On Random Matrix Averages Involving Half-Integer Powers of GOE Characteristic Polynomials

TL;DR

This paper evaluates large-N limits of correlation functions involving half-integer powers of GOE characteristic polynomials using supersymmetry, with applications to quantum chaos and wave scattering.

Contribution

It provides explicit formulas for these averages and derives the distribution of off-diagonal resolvent entries in GOE matrices, advancing analytical tools in RMT.

Findings

Explicit large-N limit formulas for correlation functions

Distribution of off-diagonal resolvent entries derived

Applications to chaotic wave scattering experiments

Abstract

Correlation functions involving products and ratios of half-integer powers of characteristic polynomials of random matrices from the Gaussian Orthogonal Ensemble (GOE) frequently arise in applications of Random Matrix Theory (RMT) to physics of quantum chaotic systems, and beyond.
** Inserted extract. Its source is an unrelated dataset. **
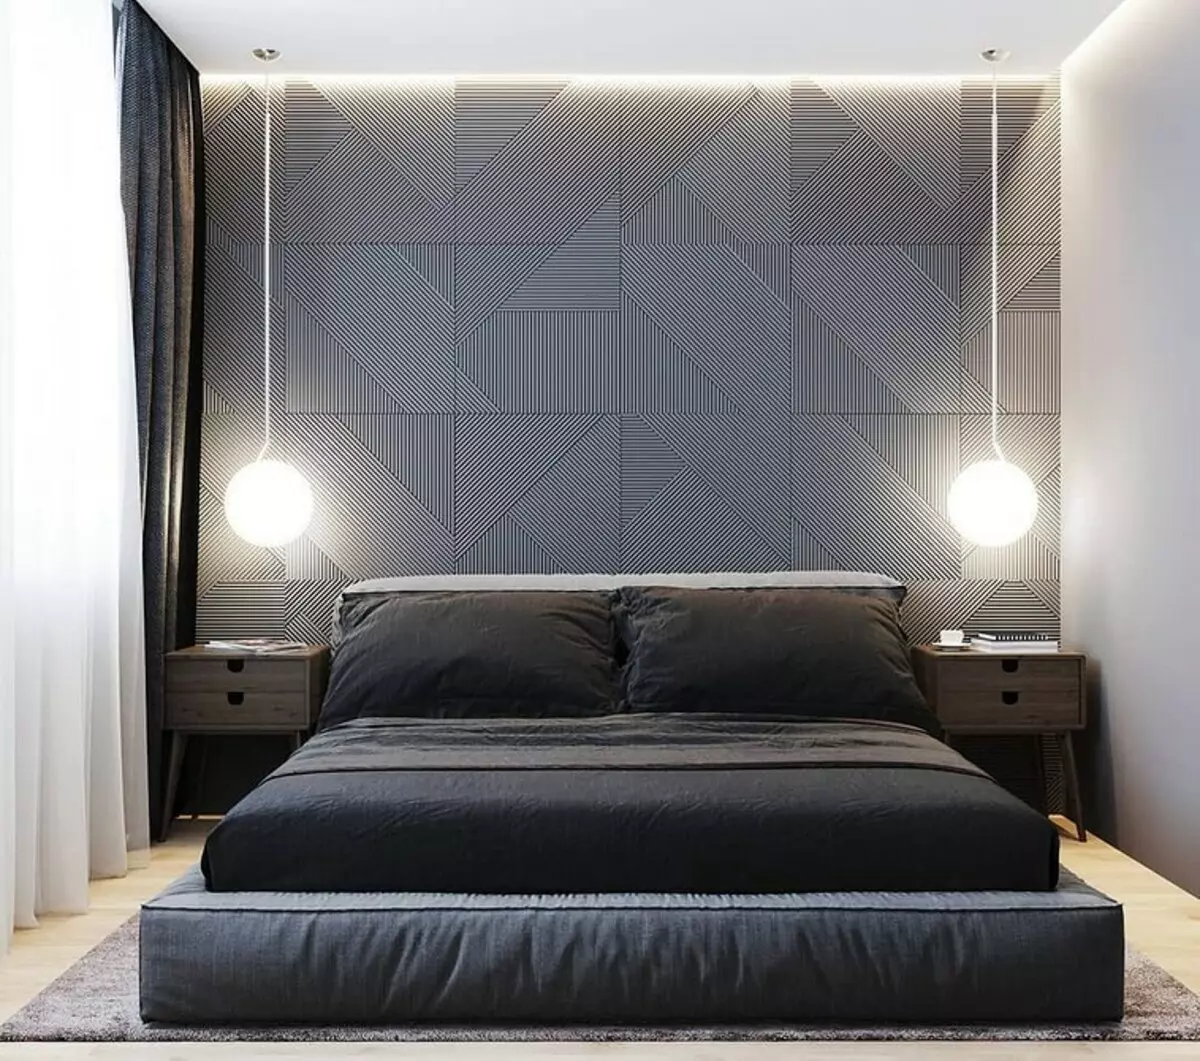 6 Најбоља решења у боји за мало спаваће собе 8055_197
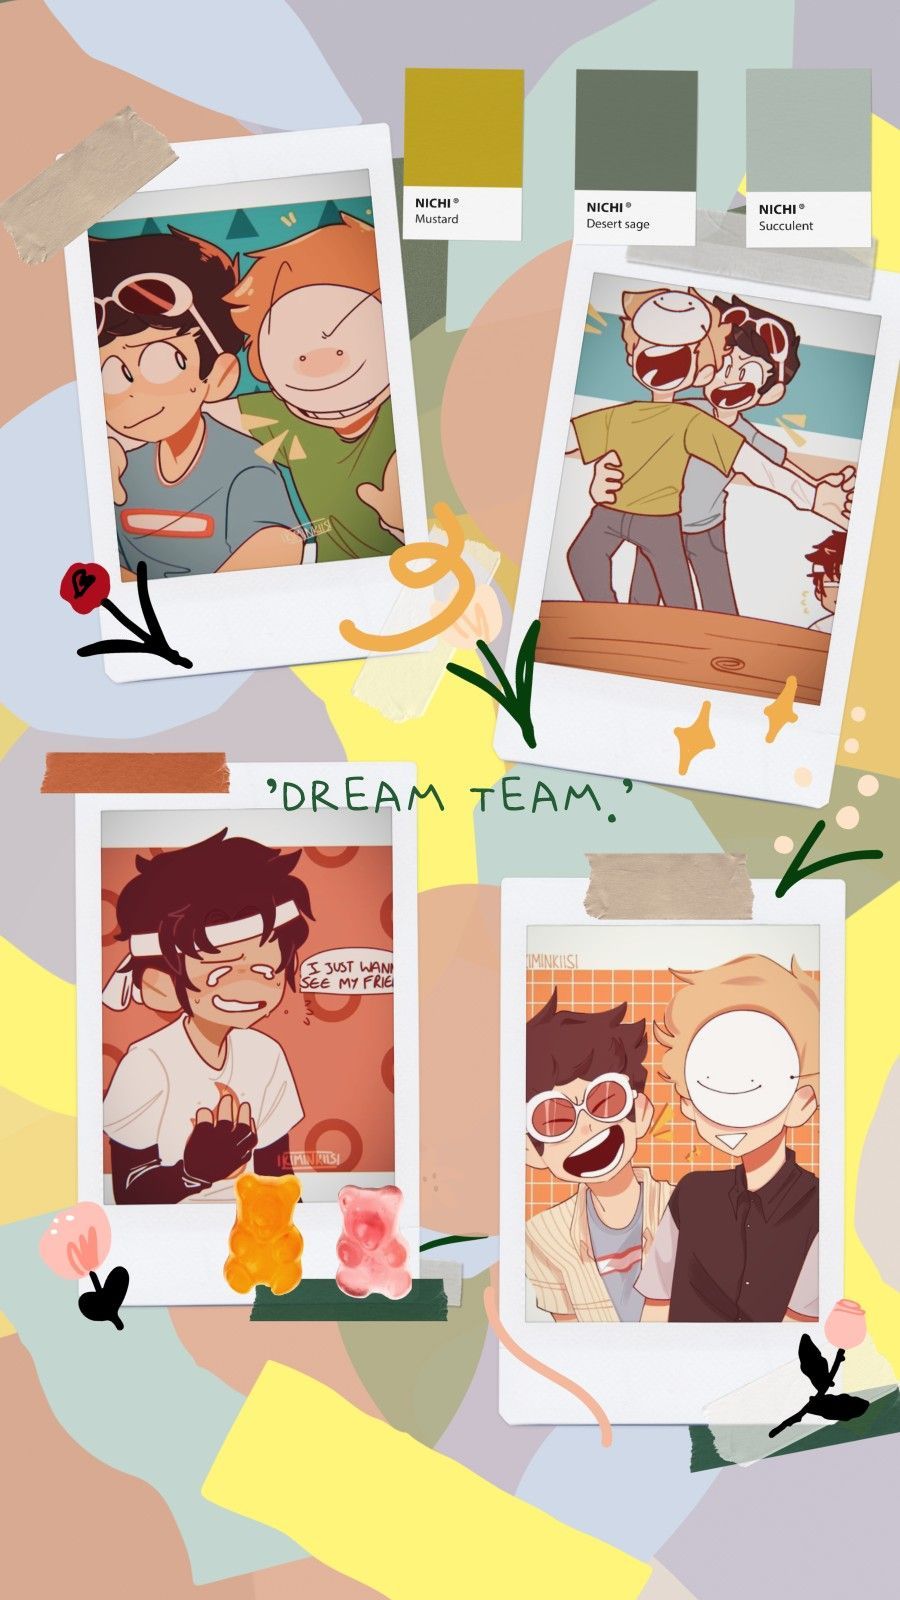 dream, sapnap, georgenotfound. dream team wallpaper lockscreen. Team wallpaper, Dream team, Minecraft wallpaper

We provide an explicit evaluation of the large-$N$ limits of a few non-trivial objects of that sort within a variant of the supersymmetry formalism, and via a related but different method. As one of the applications we derive the distribution of an off-diagonal entry $K_{ab}$ of the resolvent (or Wigner $K$-matrix) of GOE matrices which, among other things, is of relevance for experiments on chaotic wave scattering in electromagnetic resonators.